TASK DETAILS = Apart from the pictures, return every line of the listing exactly.

EXERCISE DATA =
=-=-=

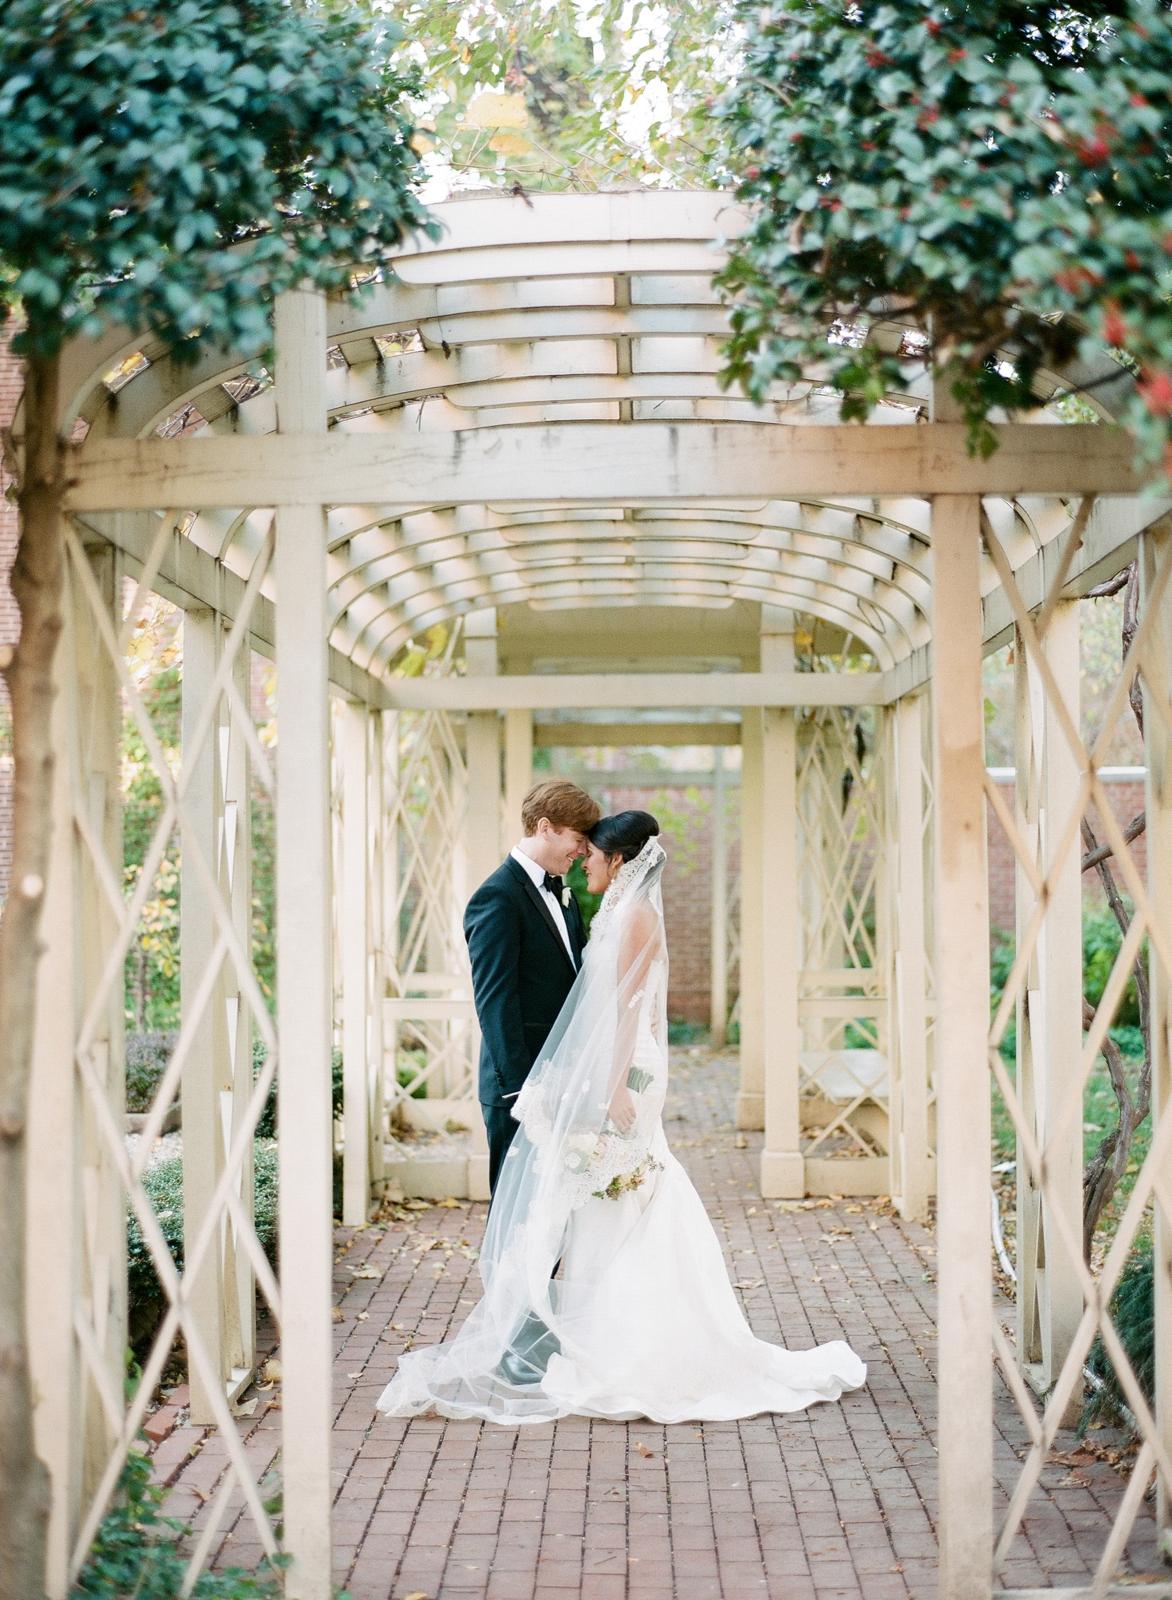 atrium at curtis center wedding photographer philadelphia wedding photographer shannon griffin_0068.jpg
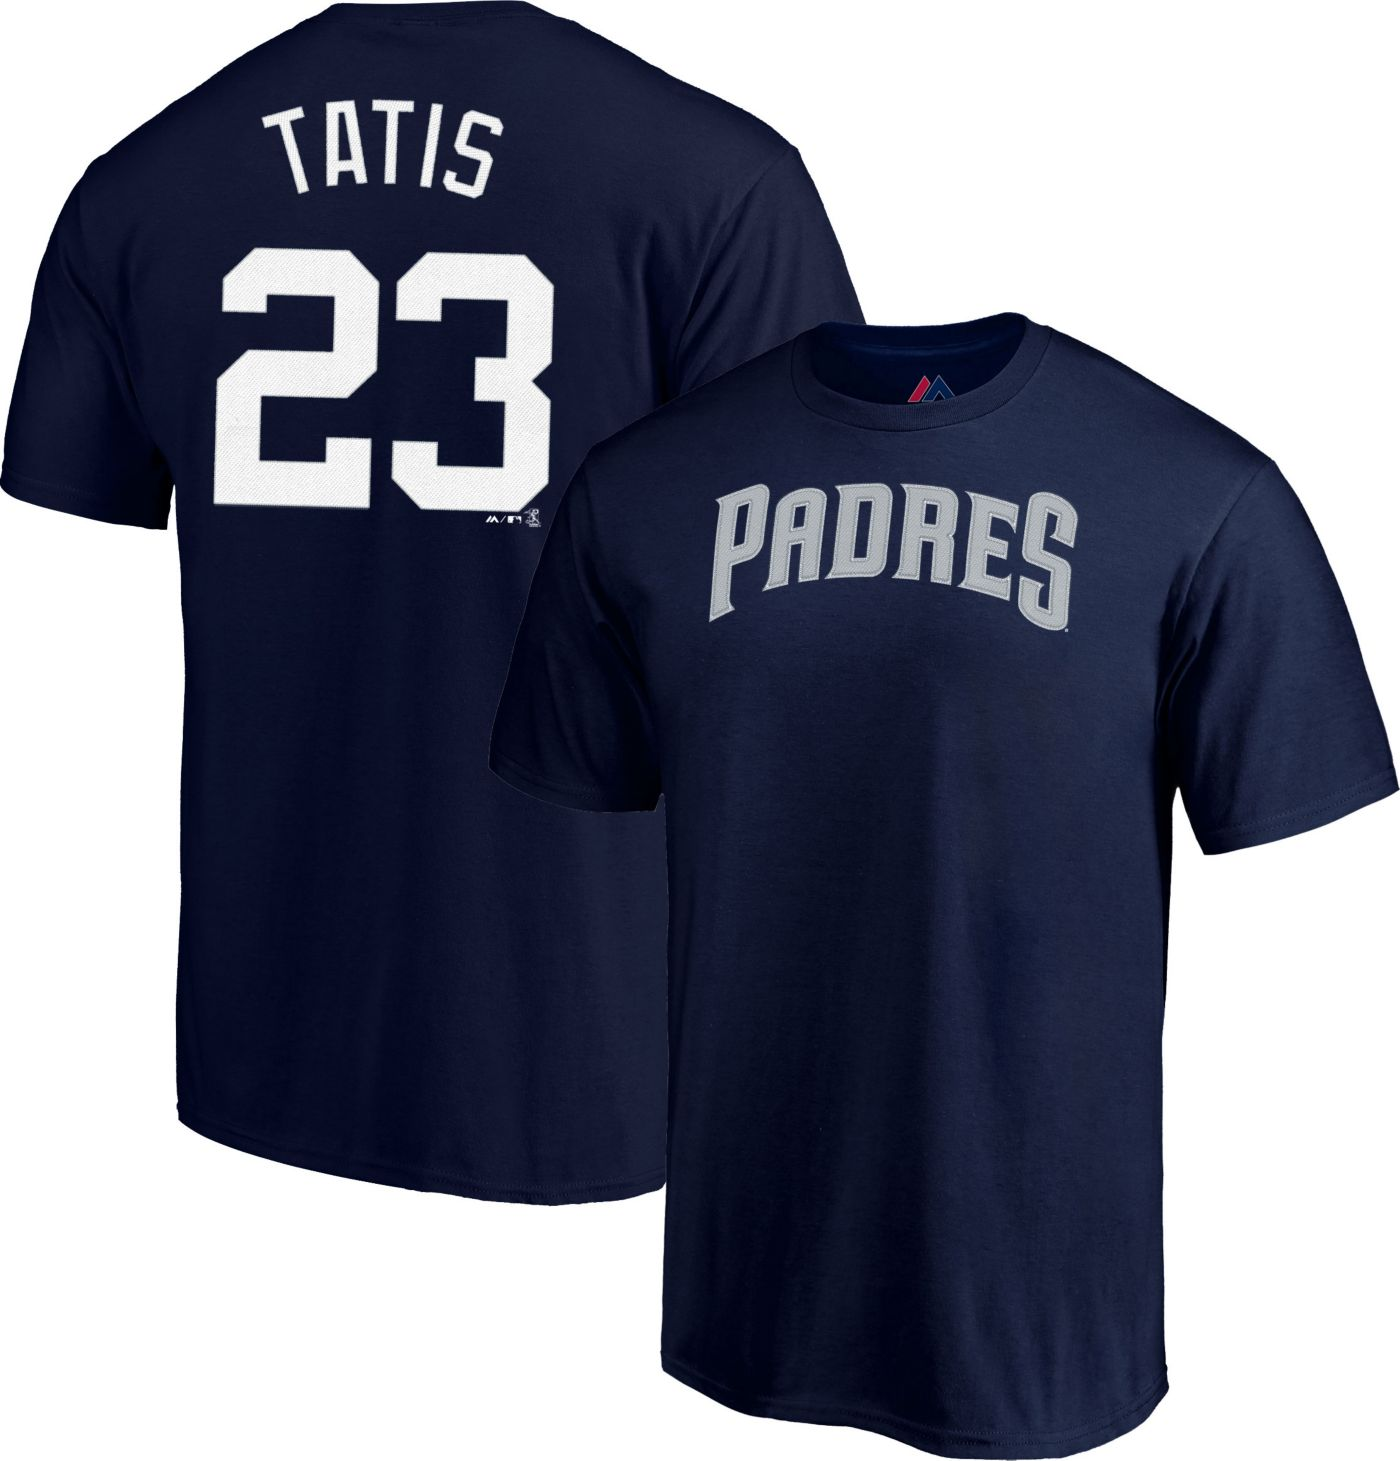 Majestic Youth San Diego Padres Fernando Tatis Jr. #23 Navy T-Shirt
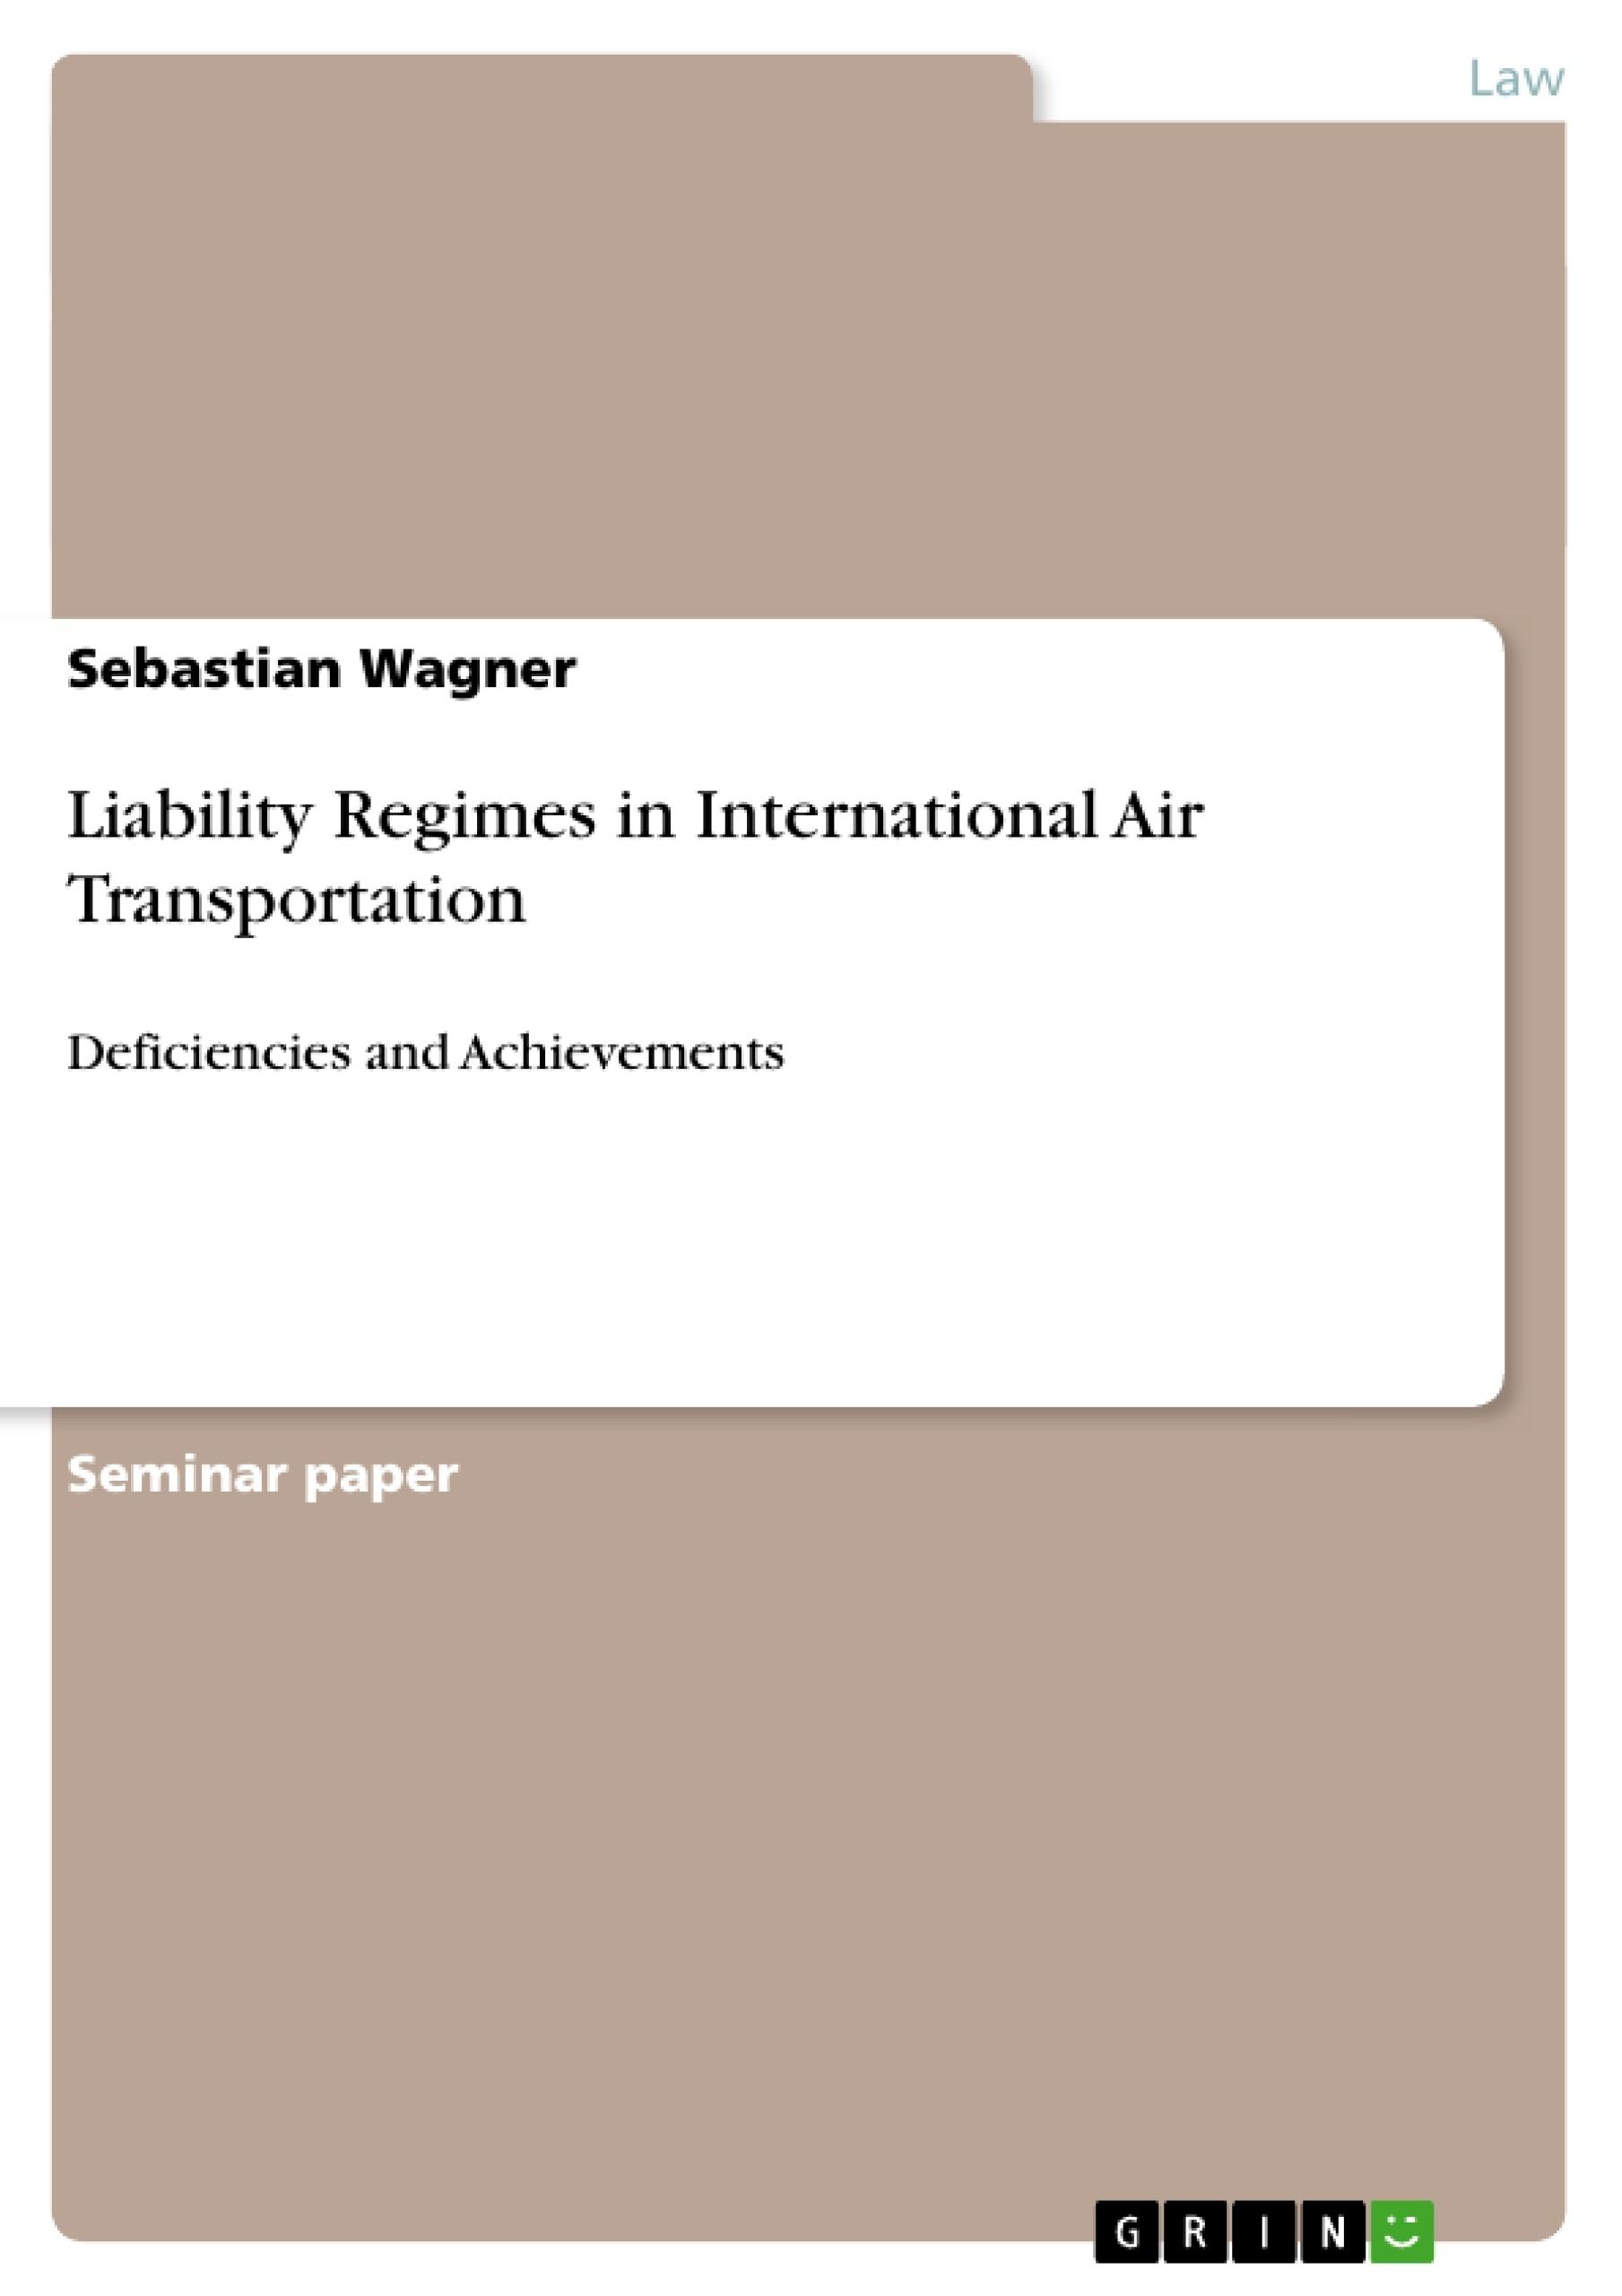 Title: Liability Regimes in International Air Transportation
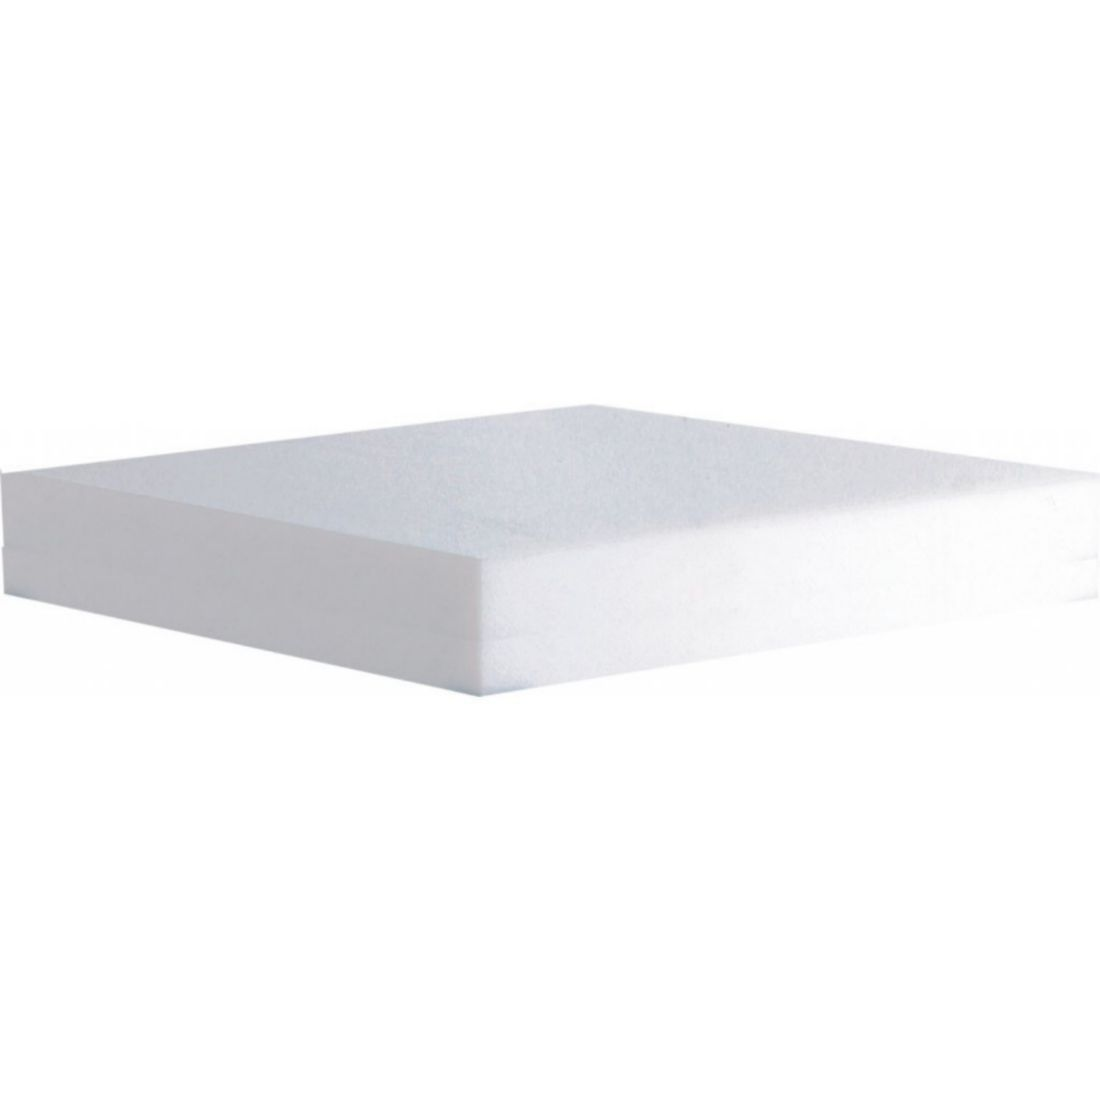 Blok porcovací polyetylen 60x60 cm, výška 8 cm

=-=-=

EXERCISE RESPONSE =
 atrium at curtis center wedding photographer philadelphia wedding photographer shannon griffin_0068.jpg
 Majestic Youth San Diego Padres Fernando Tatis Jr. #23 Navy T-Shirt
 Title: Liability Regimes in International Air Transportation
 Blok porcovací polyetylen 60x60 cm, výška 8 cm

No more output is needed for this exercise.